Rating of
1/5
Babby’s Furst Hack ‘n Slash
Nelson Schneider - wrote on 09/20/18
As the 8th Generation wears on, the MJ Crew has been finding it more and more difficult to find local coop games that we can play during our weekly gathering. As big “AAA” multi-plat producers commit more and more to the idea of online multi-player – which not only nets them more sales, but on most platforms comes with a subscription attached – local multi-player, where 2-4 gamers can gather together and play one copy of a game on the same screen, is all too scarce… actual QUALITY local multi-player games are all but extinct.
It was against this backdrop that the MJ Crew found ourselves on the horns of a dilemma during the Steam Summer Sale of 2018. Without the assumed quality of any “AAA” offerings, we were forced to pick-through the dubious layers of Indie games that have flooded into Steam since Valve removed the floodgates and burned them to ash. We saw a lot of $20 titles on sale for $10, but nearly all of them were by unproven outfits with little-to-no track record and looked extremely derivative and nostalgia driven. Ultimately, Nick took a bullet for the team and picked “AereA” for purchase, as not only was it the cheapest option at the time, but it received physical releases on both the PlayStation 4 and XBONE contemporary with its digital Steam release. Any Indie developer with the clout to secure a physical release on both platforms couldn’t be all bad, right?
WRONG!
Presentation
“AereA” is a Unity Engine game, and thus comes with all of the caveats and pitfalls commonly associated with Unity games. Even worse, the visuals use by the developer, Triangle Studios, makes the game look like an absolute asset flip. A quick peruse of the Unity Asset Store reveals character models, environmental models, and animation packages that could be slapped together with very little in the way of modification to create a game identical to “AereA.” The visual styling used in fairly minimalist and cartoony, and revolves around the theme of Classical Music. Characters are all fairly short and stylized with horrific helmet hair obscuring their eyes, while enemy designs are incredibly bland and generic outside of the bosses, who are each giant monsters based on a particular musical instrument. Environmental design is generally horrid, with bland, samey-looking areas that drag-on and are far too spread-out, with no real rhyme, reason, or sense of design behind them.

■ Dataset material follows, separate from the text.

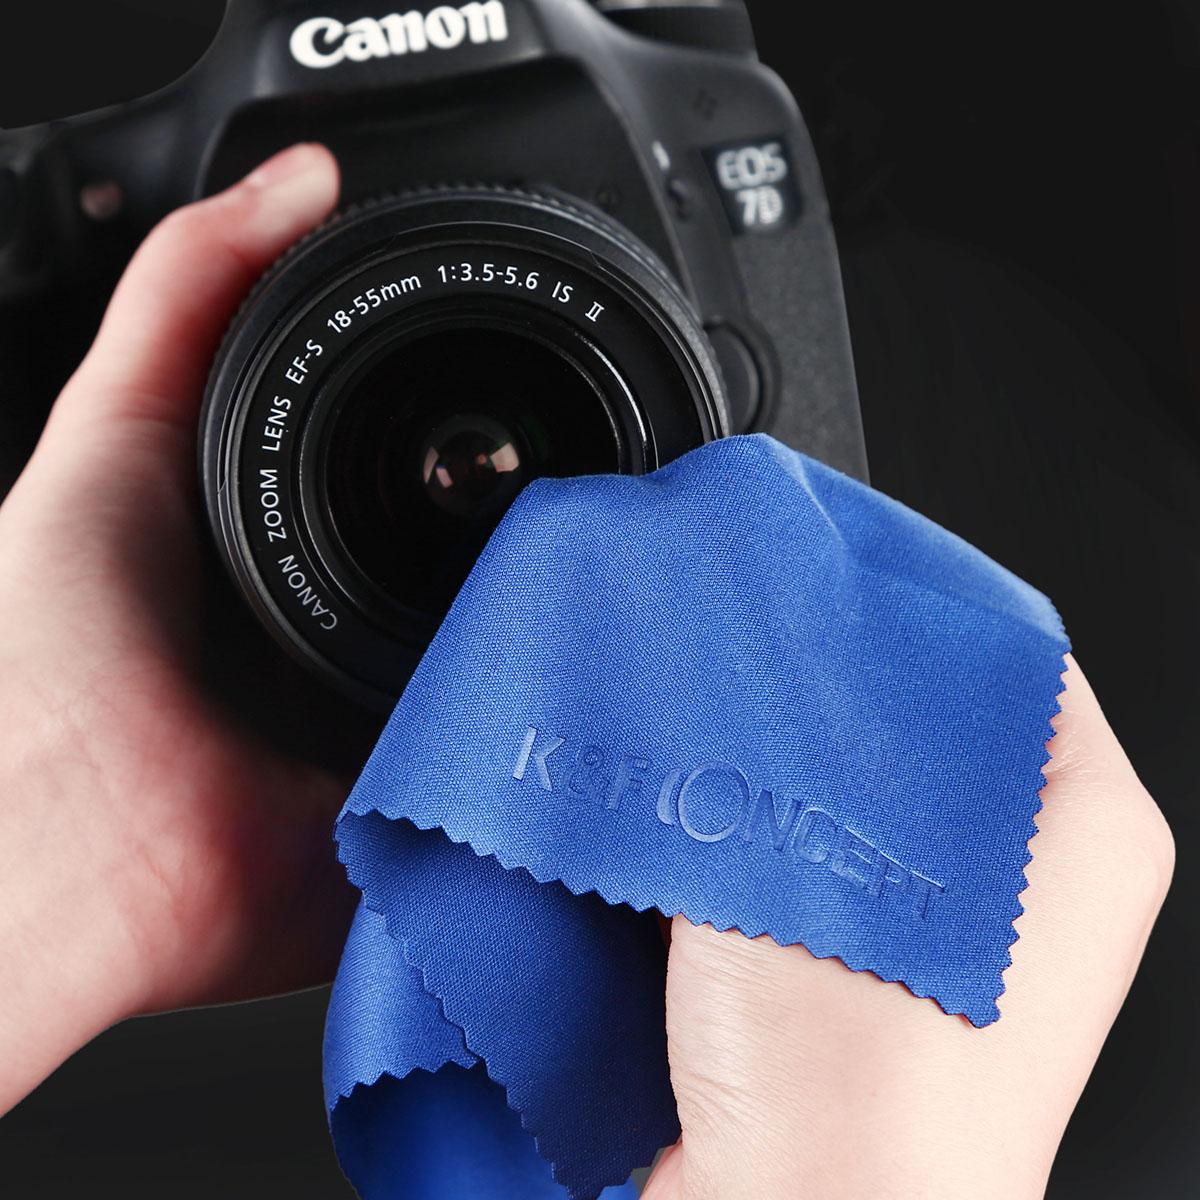 7in1 DSLR-reinigingsset voor camera (reinigingspen + luchtblazer + schoonmaakdoekje + lensreinigingsdoekje + sproeiflacon + droge doekjes + borstel)

The soundtrack, at least, didn’t come from the Unity Asset Store, but is an original composition by freelance videogame composers, Deon Van Heerden and Gustavo Barcamor. While this soundtrack is competent, it ultimately doesn’t come across as particularly memorable or interesting, but instead seems more like what one would commission when one wishes to use some incredibly generic baroque background noise in a movie or game.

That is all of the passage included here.